The probands included five males and one female. All males had an age of disease onset greater than 40, whereas the female’s was 16. All patients experienced limb weakness as their first symptom, and all had lower limb muscle wasting with pes cavus, which is a foot deformity characterized by a high foot arch.

Patients 1, 5, and 6 had family histories of peripheral neuropathy — weakness, numbness, or pain in peripheral nerves.

At 43 years old, patient 1 started experiencing weakness in both lower limbs, and three years later had slower walking than before. His father also showed lower limb weakness in his 40s.

Patient 5 had a history of abnormal gait for three years. Both his mother and sister showed similar symptoms.

The third patient (patient 6) had a history of sprained ankles at age 16, and both his grandfather and father developed abnormal walking in their 40s.

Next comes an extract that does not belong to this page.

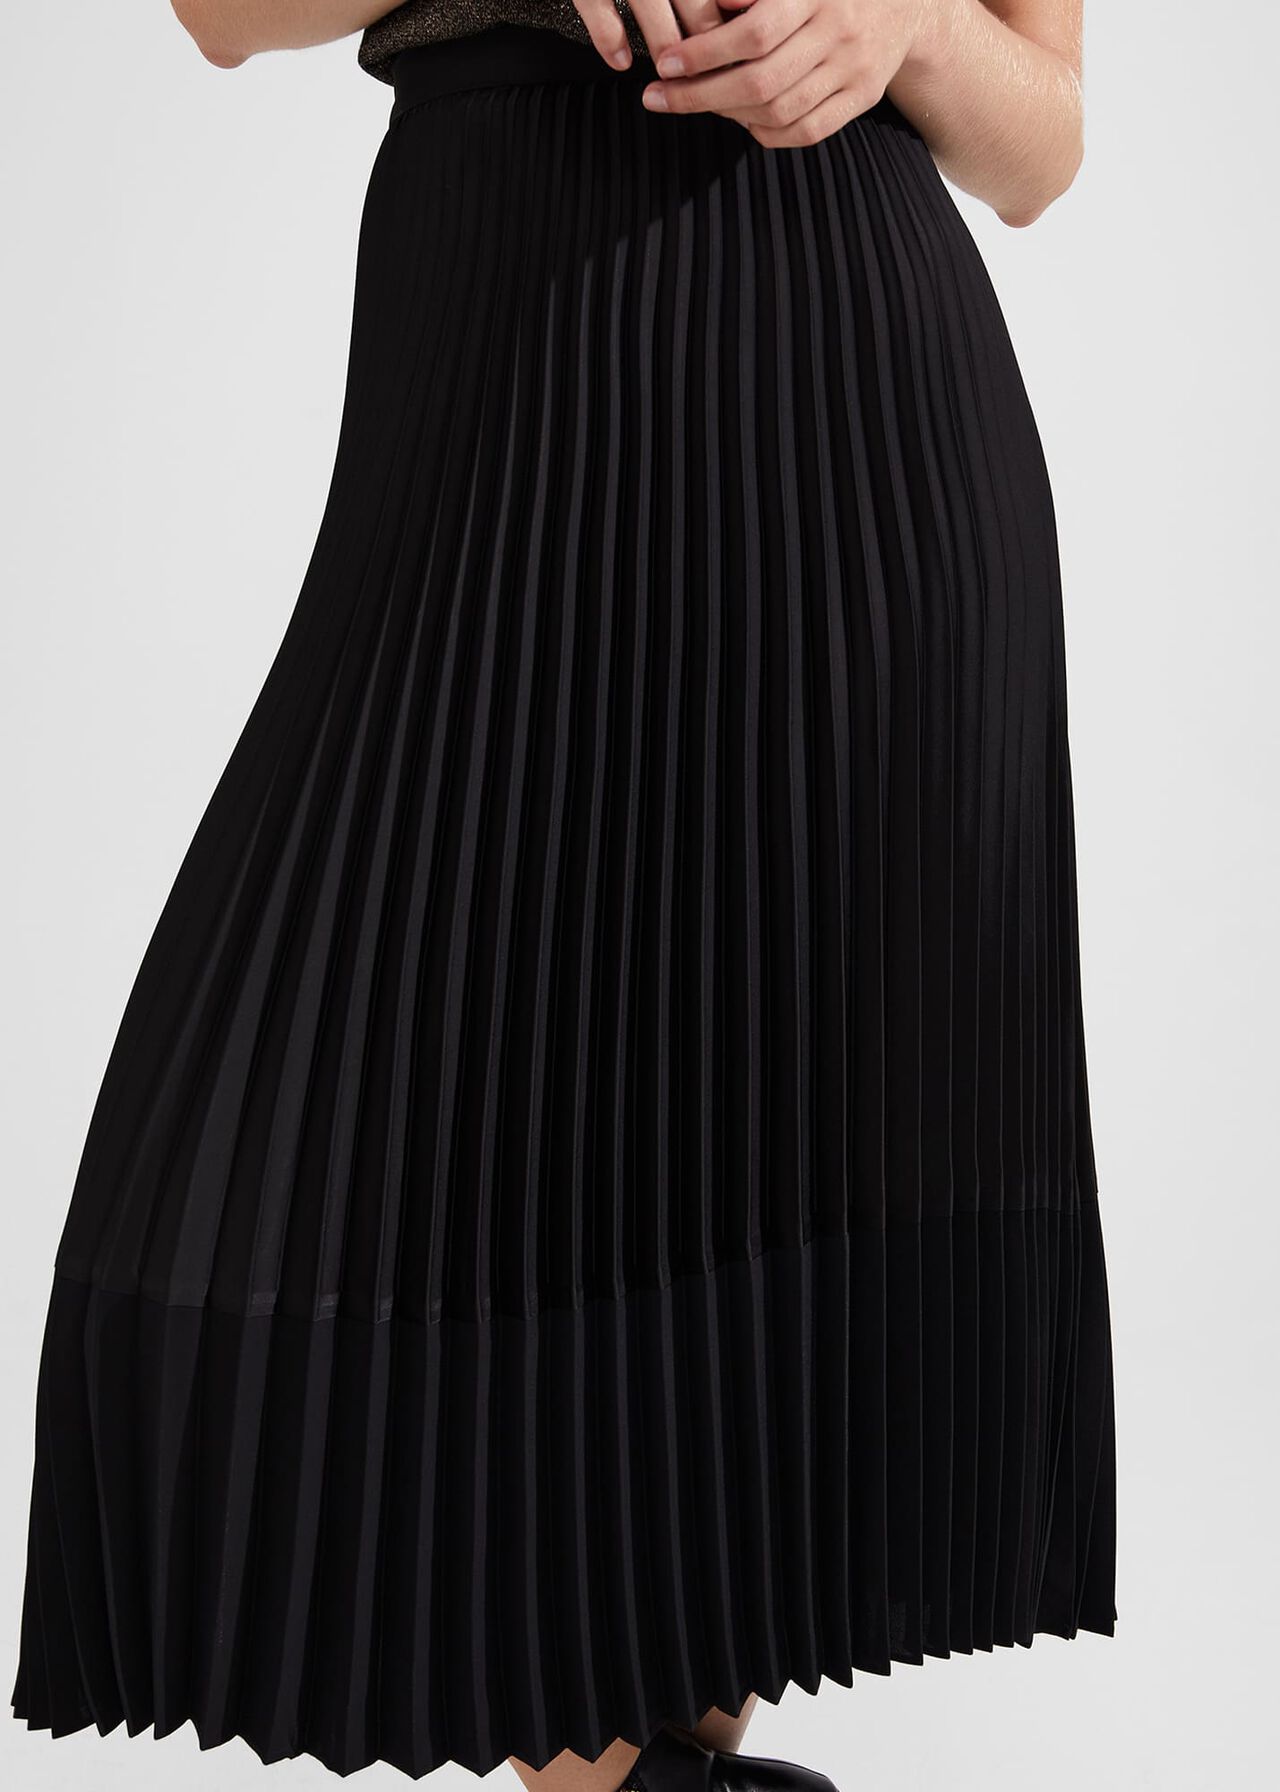 Thandie Skirt, Black, hi-res

The other three patients did not have family members available for testing.

Patient 2 had lower limb weakness for 14 years, with increased progression over the past two years. Another patient (patient 3) had an 11-year history of lower limb weakness, and in the past two years had started experiencing hand weakness. Patient 4 had abnormal gait for 12 years.

In all patients, assessing electrical responses showed sensorimotor demyelinating polyneuropathy, which means a decreased ability to move or feel (sensation) because of myelin loss in nerves.

Multiple nerves involved in movement showed decreased conduction speed, which contributed to a diagnosis of CMT1 in all participants.

Genetic analysis found six different mutations in the MPZ gene, four known and two unknown — not found in databases nor in 8,000 healthy Chinese controls.

Specifically, the newly reported mutations comprised a frameshift mutation in patient 2, c.79delG (p. A27fs), and an intronic splice variant in patient 1 and his father.

Frameshift mutations involve the deletion or insertion of a DNA bulding block that shifts the way the sequence is read. In patient 2, the frameshift mutation led to one of the protein building blocks (an amino acid) being changed to the signal for stopping protein production. This mutation was deemed to be disease-causing based on loss of protein function, its absence in controls, and its harmful effect on the gene and gene products. It resulted in a mild disease course.

As for intronic splice variants, they occur in the DNA bits that do not code for proteins (introns) and can affect the way RNA is spliced for creating proteins. In patient 1 and his father, the mutation was in intron 1 and was associated with rapid progression in the late stage of the disease. It too was deemed likely the cause of the disease due to its location in the gene, its absence from controls, its co-segregation in the family (where those affected have the mutation and the unaffected do not), and its harmful effects on the gene or gene products.

“Both novel variants were not seen in healthy individuals with no known history of neurogenetic diseases or in multiple databases, which further suggested that [they] are disease-causing rather than normal variants of MPZ,” the researchers wrote.

Upon further analysis of the literature, the team found that the most common mutation type among the 28 mutations identified in Chinese individuals was the missense mutation, which results in a different amino acid in the protein product. Among the 28 mutations, 75% were missense mutations, followed by frameshift mutations in 17.8%, and splice site mutations in introns in 7.2%.

“Our study further confirmed that MPZ mutations are associated with specific phenotypes [characteristics], especially at the age of onset,” the researchers wrote. “In general, CMT1B patients in this study with MPZ mutations had relatively mild clinical phenotypes.”

“This report will help with genetic and clinical studies of Chinese CMT patients with MPZ mutations,” the investigators concluded.